REQUIRED WORK:
It would help if you retyped the data exactly, leaving out the pictures.

┌─ AVAILABLE DATA

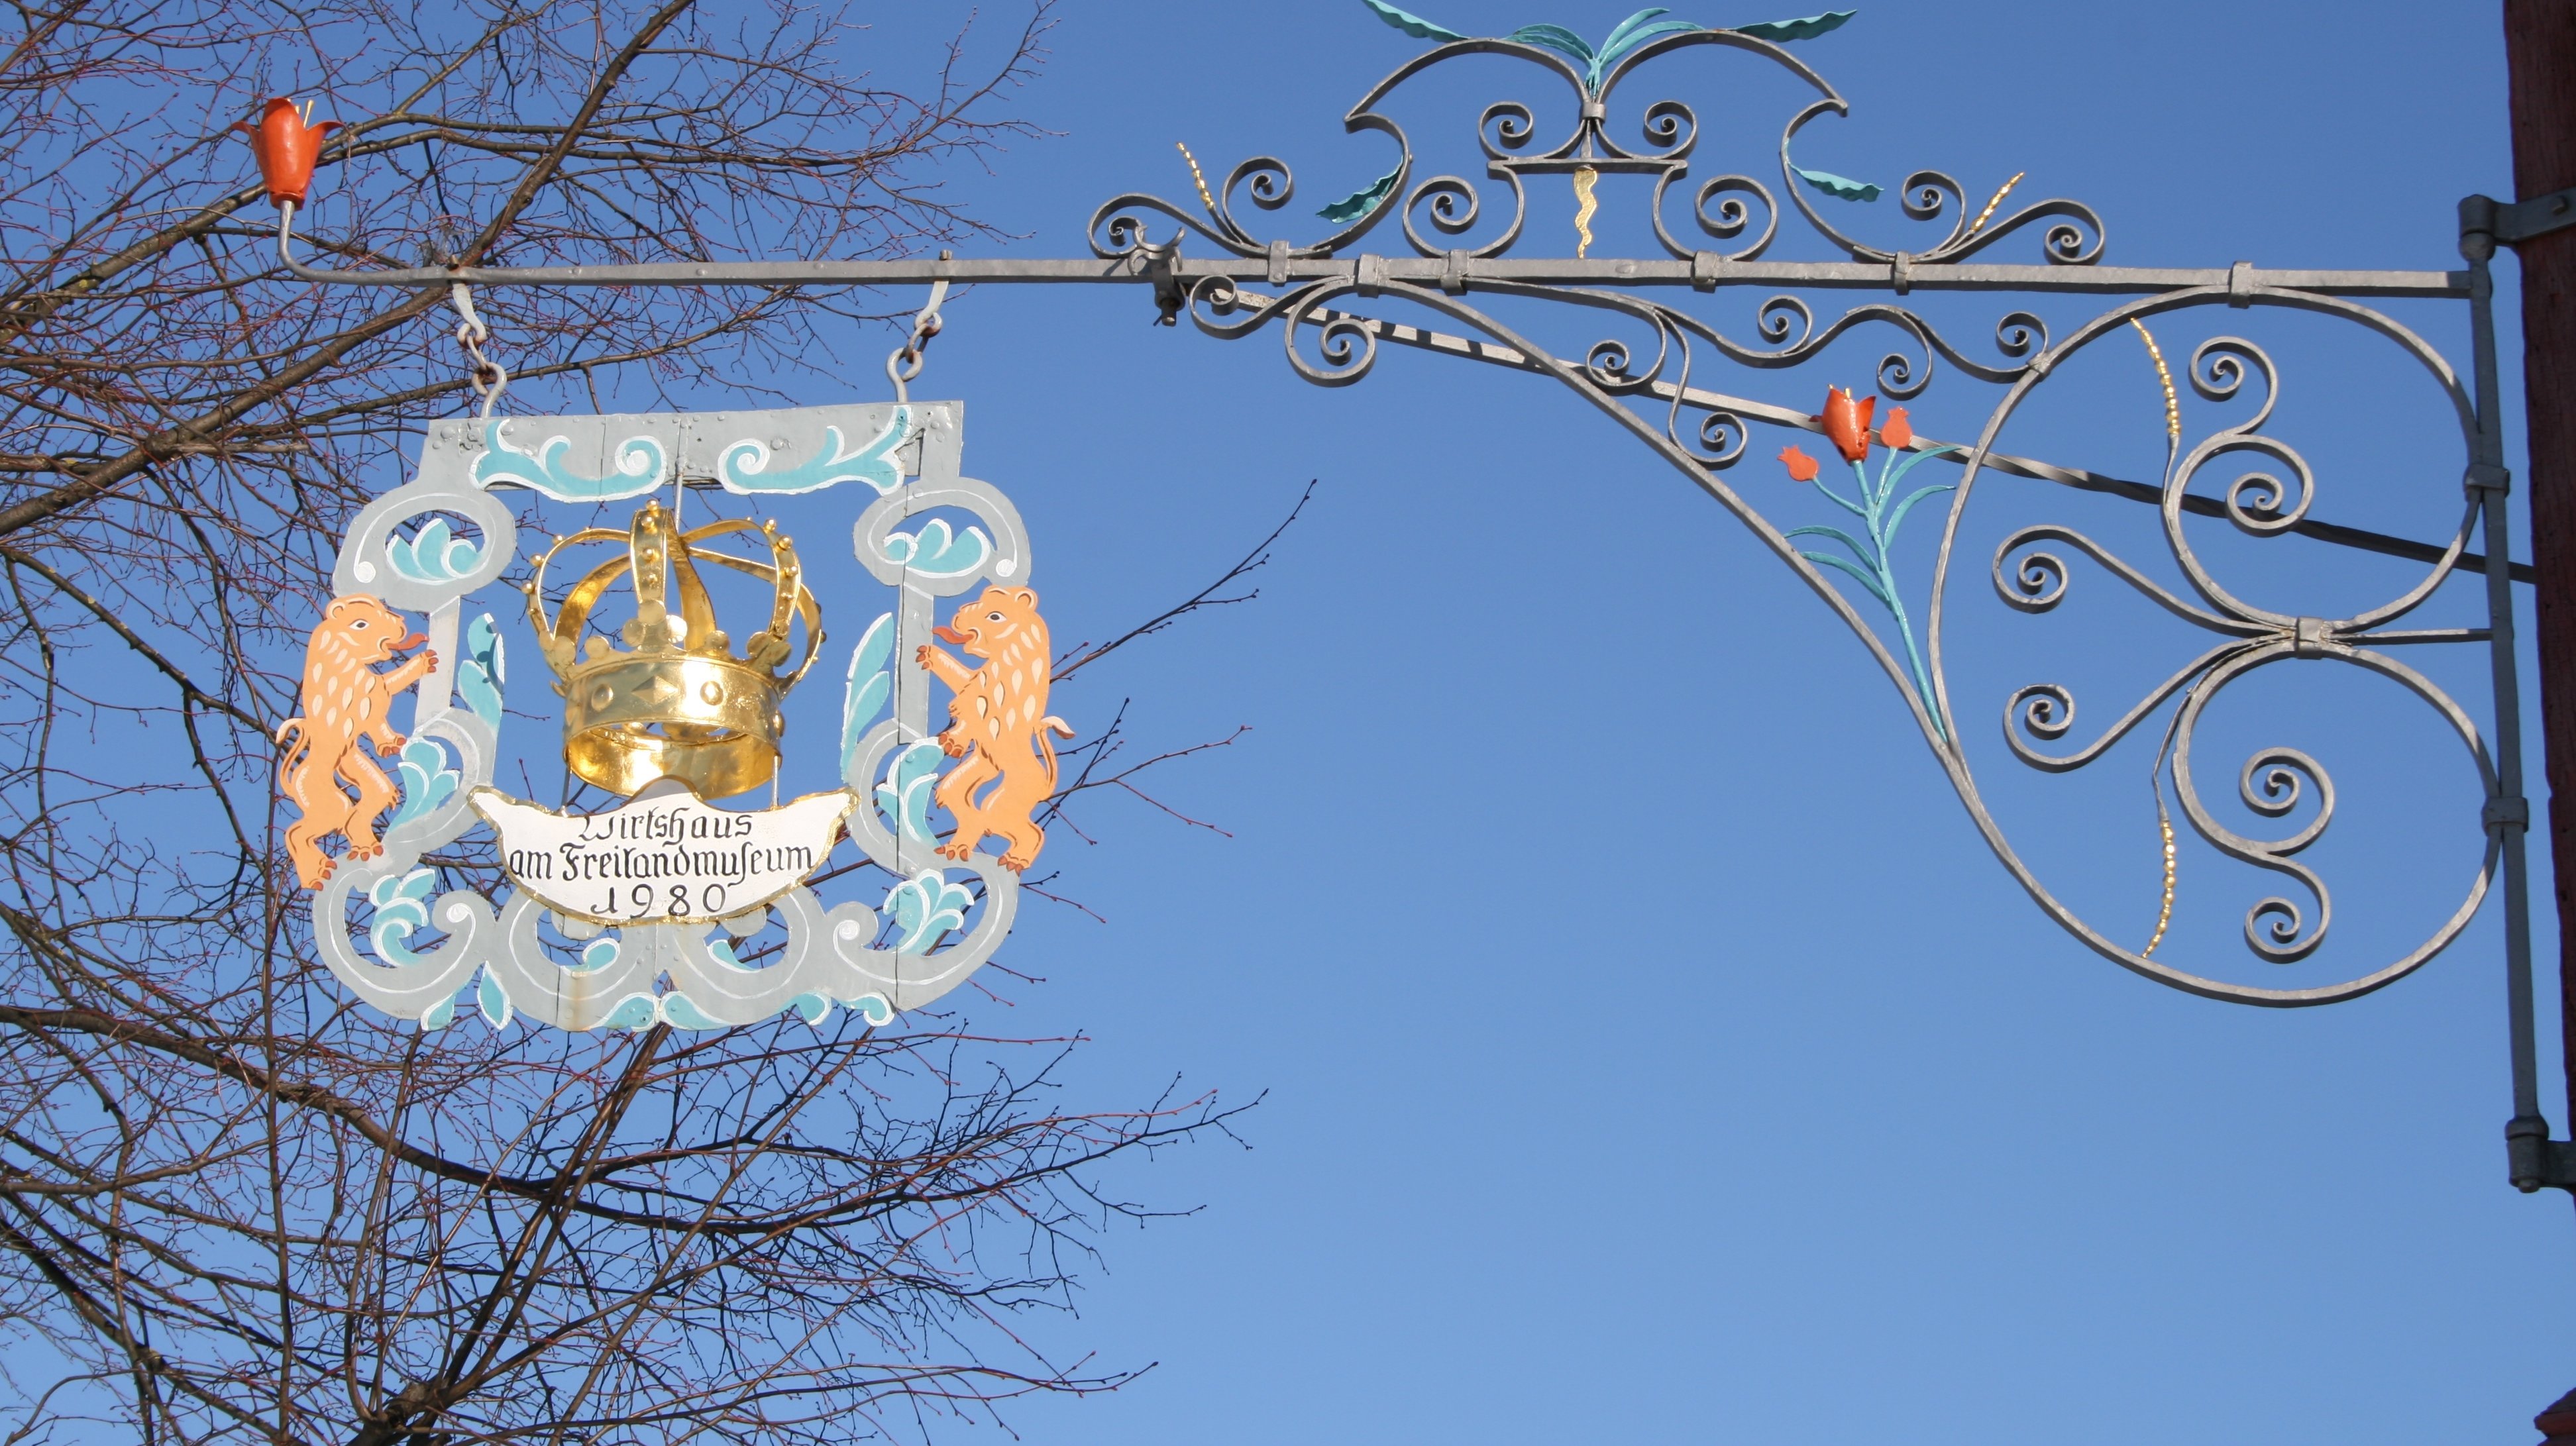 Fotoaufnahme des Auslegers vom Gasthaus zur Krone aus Oberampfrach. Das Nasenschild ist im rechten Winkel an der Mauer befestigt. In der Mitte befindet sich eine Krone, darunter steht „Wirtshaus am Freilandmuseum 1960“. An den Seiten wird das Schild von je einem Löwen gehalten.
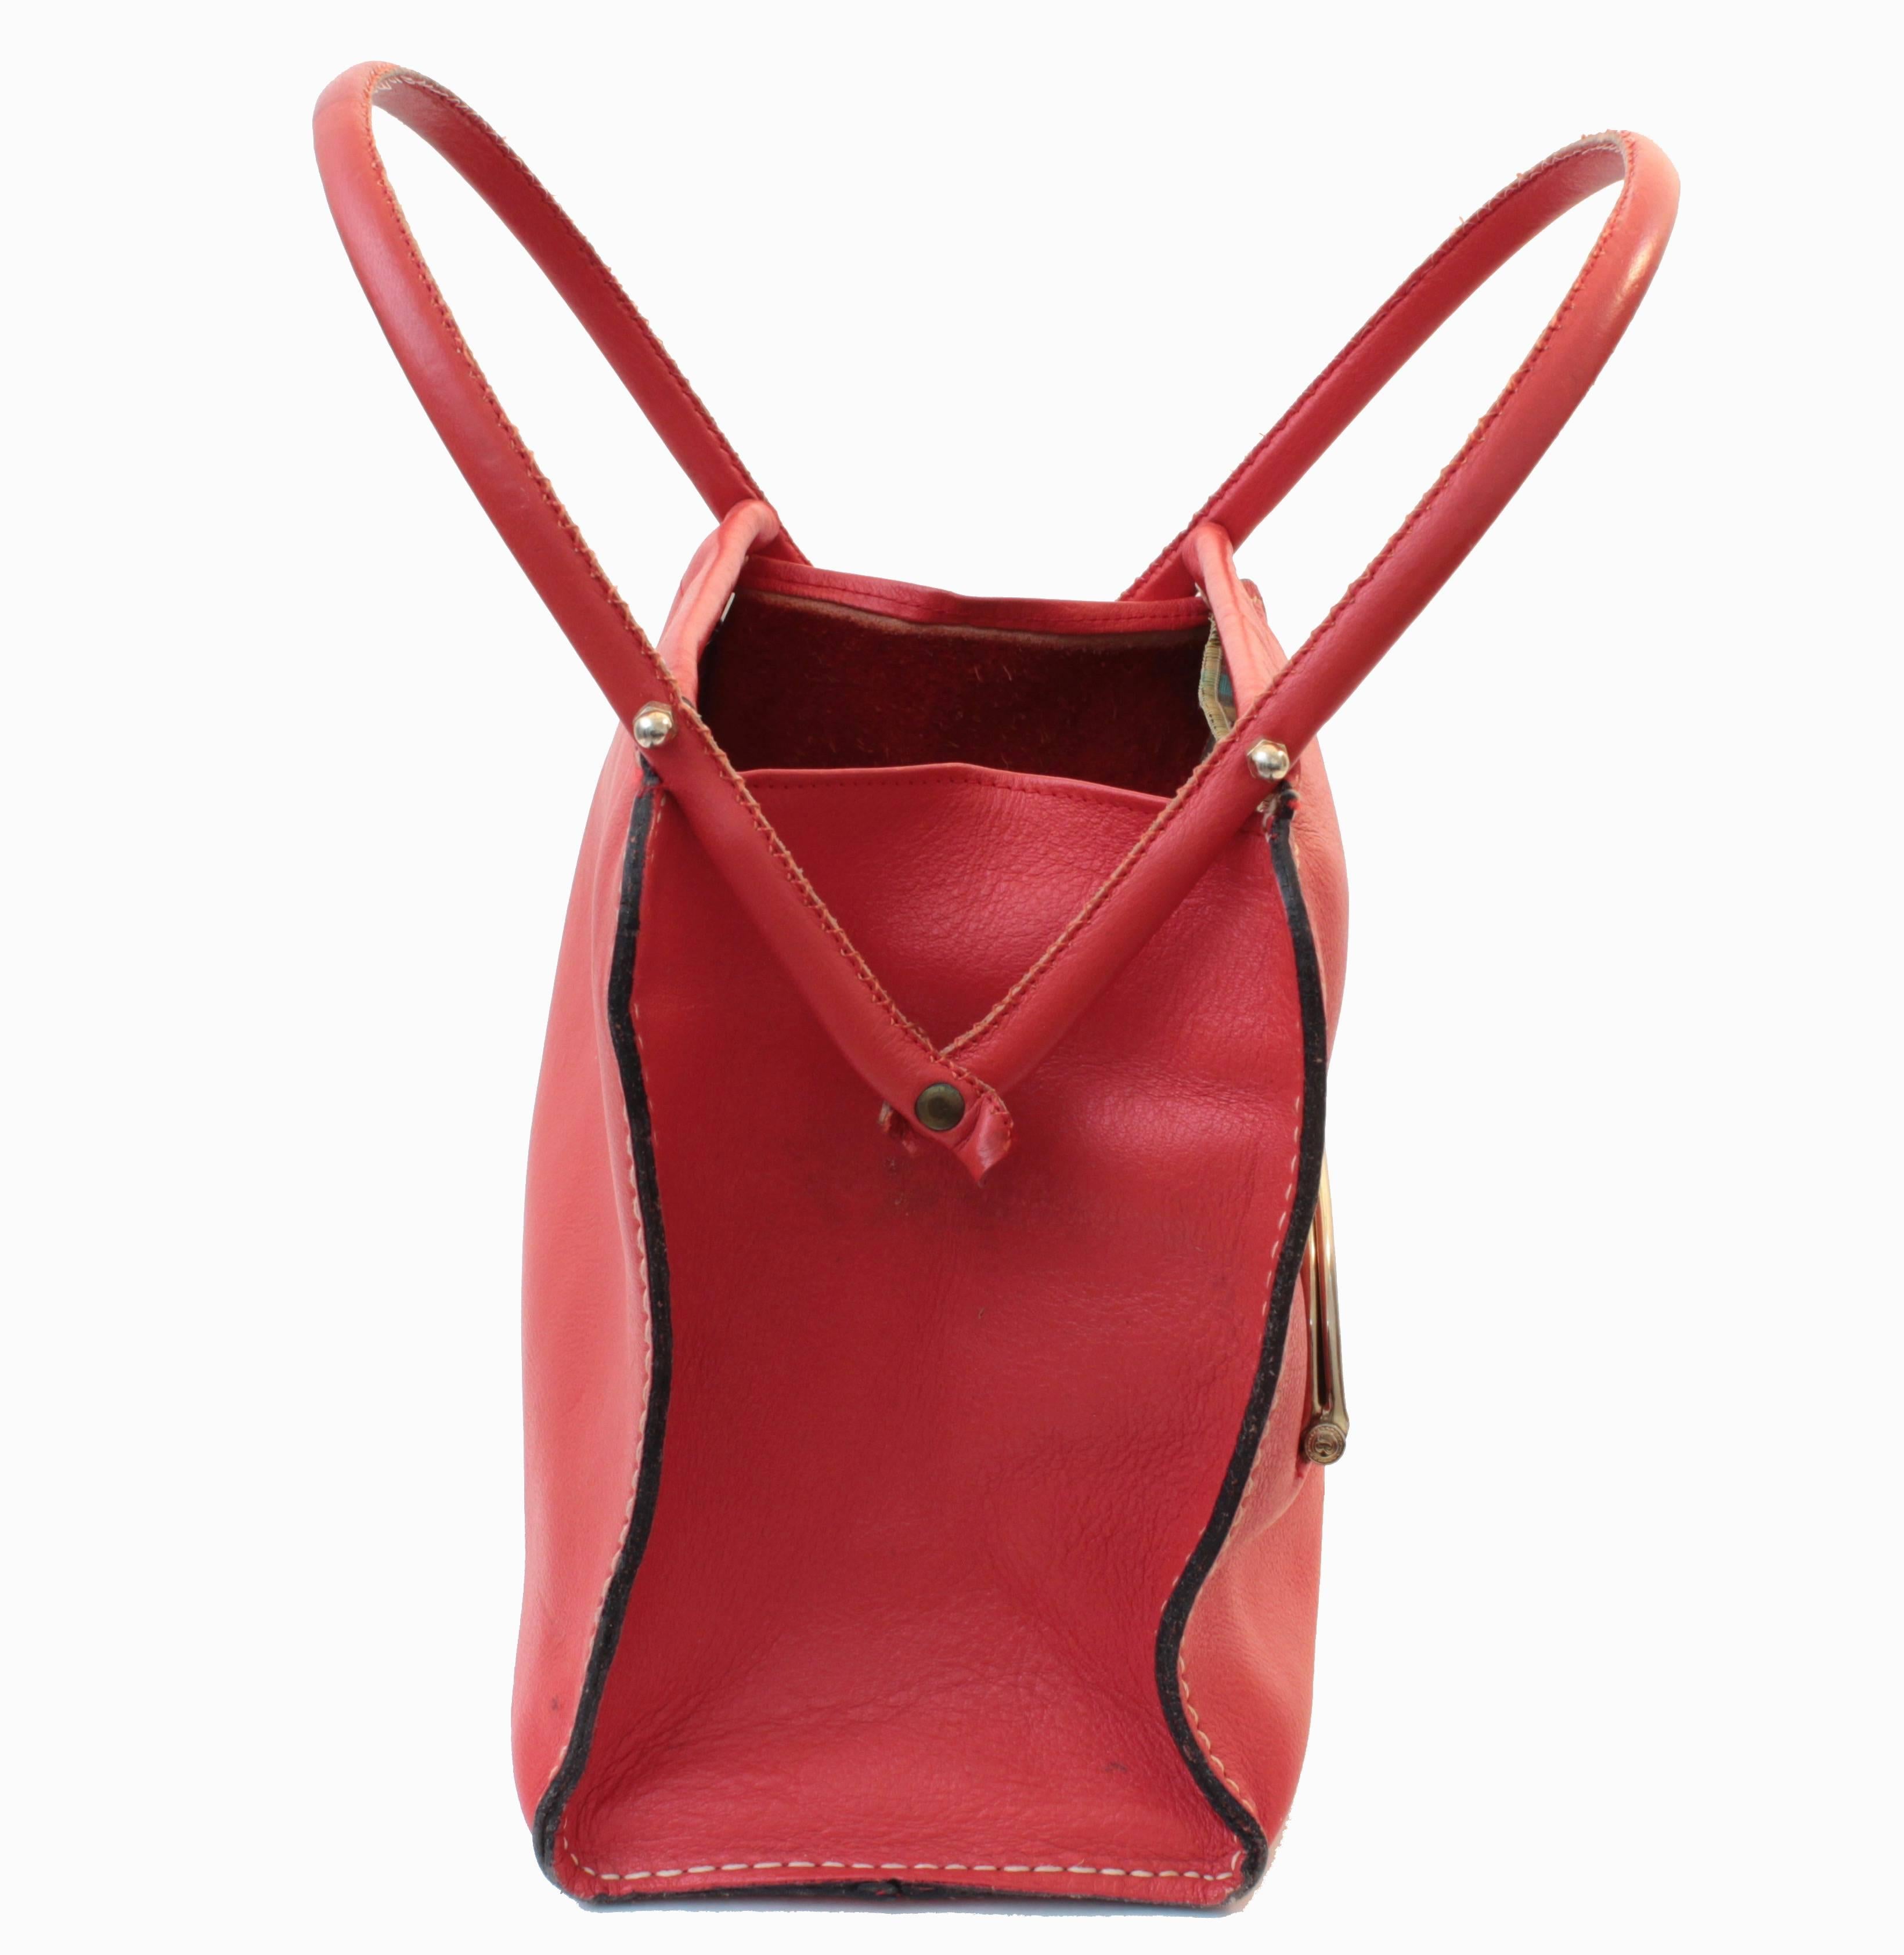 Bonnie Cashin pour Coach - Sac fourre-tout en cuir rouge avec cadre ciseau, sac cabas, 1966 4
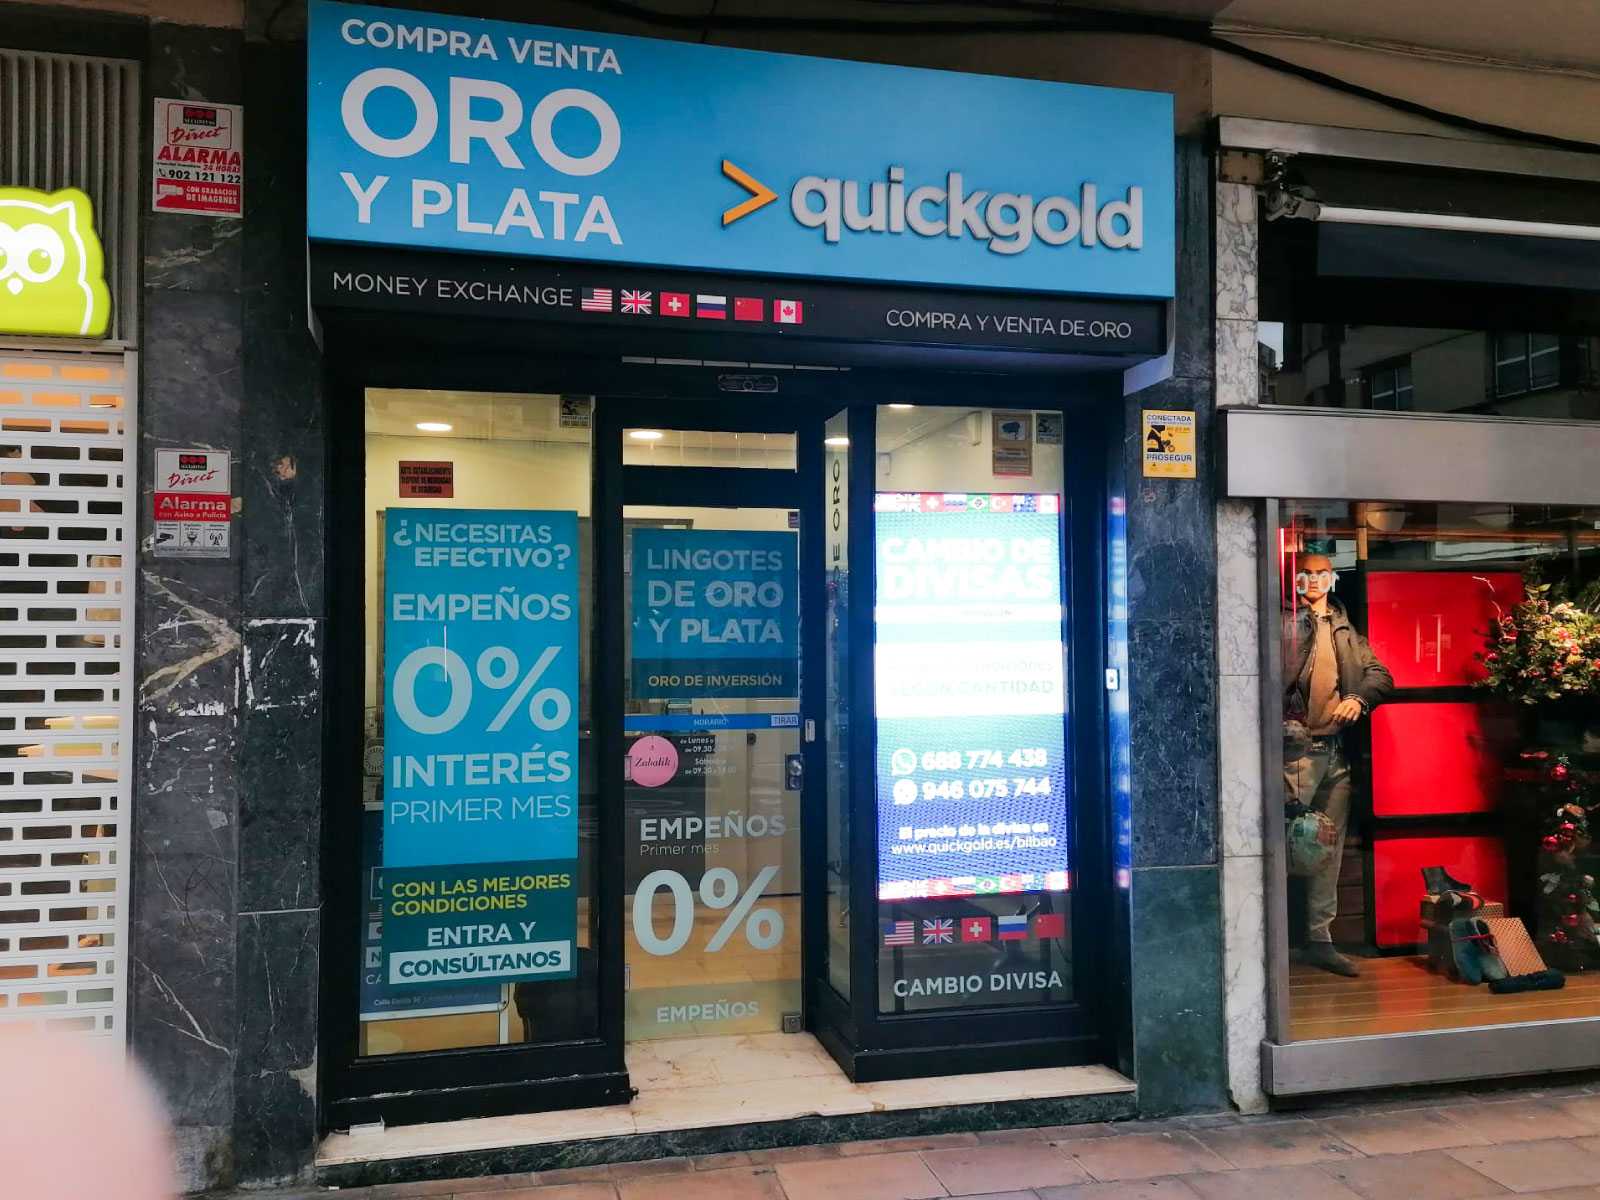 Quickgold Bilbao Compro oro

└─

OUTPUT:
 Fotoaufnahme des Auslegers vom Gasthaus zur Krone aus Oberampfrach. Das Nasenschild ist im rechten Winkel an der Mauer befestigt. In der Mitte befindet sich eine Krone, darunter steht „Wirtshaus am Freilandmuseum 1960“. An den Seiten wird das Schild von je einem Löwen gehalten.
 Bonnie Cashin pour Coach - Sac fourre-tout en cuir rouge avec cadre ciseau, sac cabas, 1966 4
 Quickgold Bilbao Compro oro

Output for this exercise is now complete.